Friday, January 20, 2012

Do you believe in miracles?

In the past, I’ve written about my belief in angels. As a result, this story gives me chills and makes me smile.

Miracles do exist; you just need to know where to look for them. For my friend, Dorothy, she simply needs to look at spare change.

After a two year battle with bladder cancer, Dorothy’s dad, Ed, died in March 2009. She had a very special relationship with him and his loss threw her for a loop, leaving her feeling lost and adrift. Her dad visited her shortly after her death during a very vivid dream, and she told him she missed him enormously.

“But Dor, I’m with you all the time. You just have to start picking up the coins,” he replied.

After that vision, Dorothy started experiencing a strange phenomenon: coins started appearing in the strangest places. The next day at work, she lifted a file folder to find a nickel mysteriously tucked underneath. She cried.

“Good one, Dad. I know you’re there.”

From that point on, she started finding coins whenever she was struggling or felt she was going to lose it. When alive, her dad would often be a steadying hand in her life, telling her to calm down and reminding her when she was overreacting. With the coins, he’s continuing to provide that guiding presence, giving her strength, sharing a joke or just letting her know he’s around.

One day she had a horrific day at work. Everything went wrong and she didn’t know if she could physically or mentally face the next day. As she climbed into bed that night, she flipped back the covers to discover a coin in the centre of her bed. Dad was at work again, telling her she was blowing the situation out of proportion, calm down and go face work again tomorrow. She got the message.

Often she’ll find coins in the corners of her office or be working on her computer and suddenly one will appear on her keyboard tray. One day, she was working at the Souper Fundraiser for Team Tina and her parking meter needed money so she didn’t get a ticket. At the curb, she discovered she didn’t have enough to replenish the machine, but looked to the base to find a sprinkling of coins to tide her over.

"Thanks Dad.”

Ed seems to have a great sense of humour with the coins too. One day, colleagues asked Dorothy why he was being so stingy with his denominations. Sure, he’d deliver pennies, nickels, dimes and the occasional quarter with his money distribution, but they wanted to know why he wasn’t delivering the bigger stuff, like a loonie or toonie. I guess, it’s ask and you shall receive because that very day, a toonie appeared in her cube.

His humour also shone through during a funeral. During his life, he and his daughter would often joke about the constant kneeling and standing involved in a Catholic church ceremony because they both struggled with bad knees.
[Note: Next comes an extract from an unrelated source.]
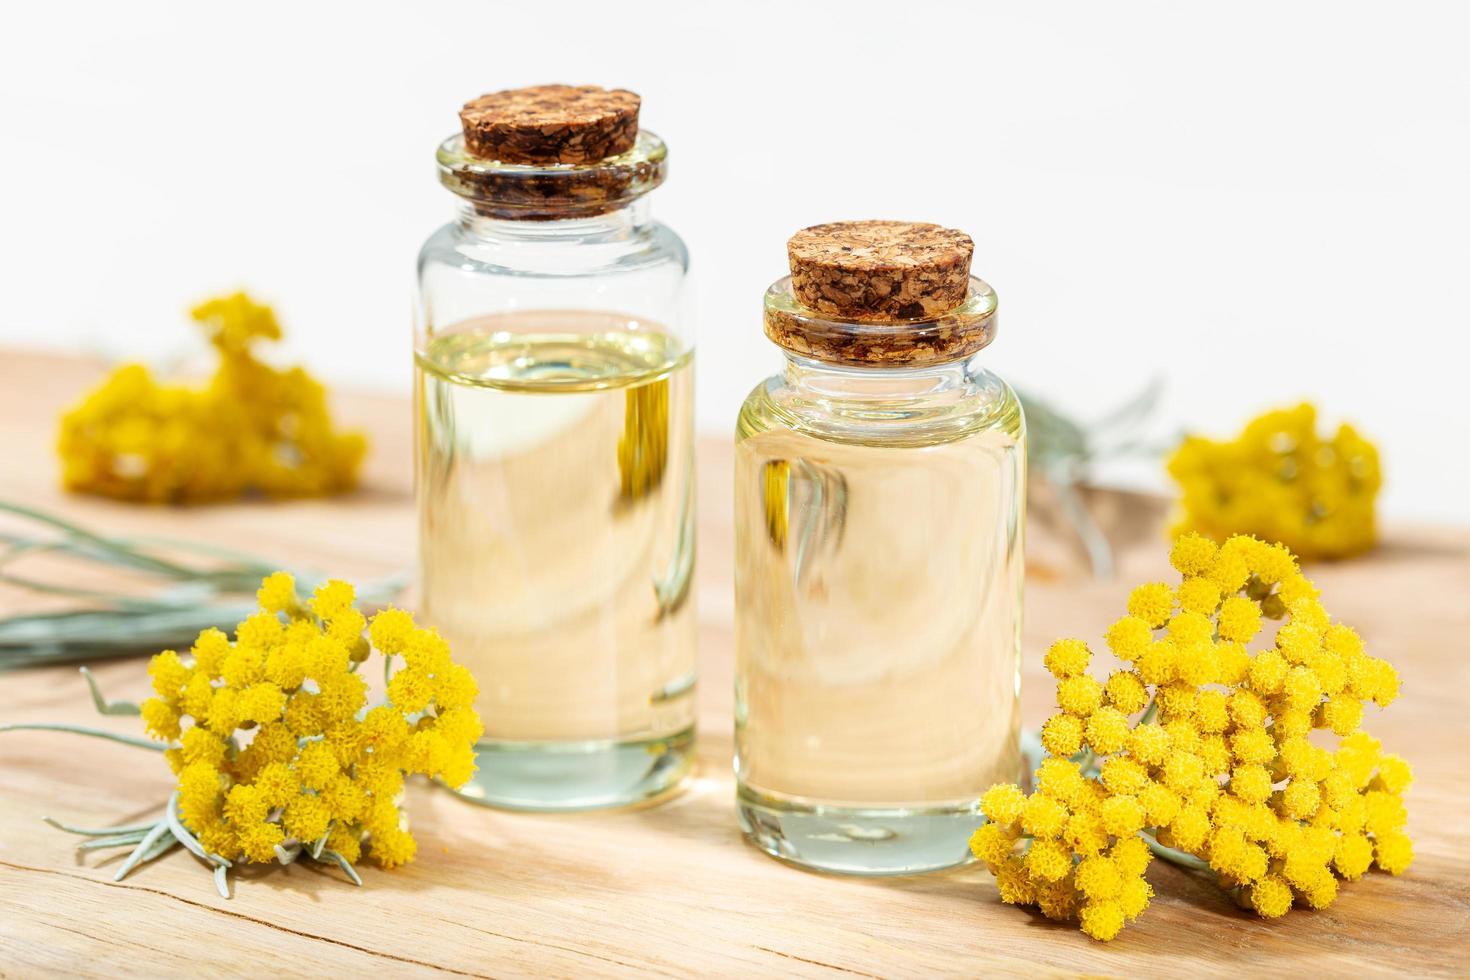 aceite esencial de helichrysum en botella de vidrio foto

As a result, he and Dorothy would groan about the pain involved in the kneeling portions of the ceremony. Shortly after her dad passed, Dorothy attended a funeral at a Catholic church and when she had to move her foot to set down the kneeler, she found a toonie under her foot. She looked up, sharing the joke with her dad.

“You’re good.”

My friend uses her walks to work as her time to think, talk to her Dad and pray, so it makes sense she discovers coins during that time. One day, when I was unsure I was going to be able to get chemotherapy because I was dehydrated from vomiting and diarrhea, she prayed and talked to Dad on the way to work. On that one trek, she found 14 coins! Another day, when I was struggling with questions about treatments, clinical trials and my future direction, Dorothy was thinking about me while working. When she lifted her hand from her keyboard where she’d been sitting for hours, she astonishingly discover at 1901 Indian head coin nestled beneath her hand. She gave that precious penny to me and it sits by me as I write this blog.

“Thanks Ed.”

He’s generous and makes his presence felt for others too. Sometimes Dorothy will talk to her dad on behalf of friends, asking for strength and lo and behold, a coin will appear. It happened this past September when I was stuck in the hospital. Shortly after she shared her dad’s story with Michael and my sister, they found a coin in the corner of the hospital room.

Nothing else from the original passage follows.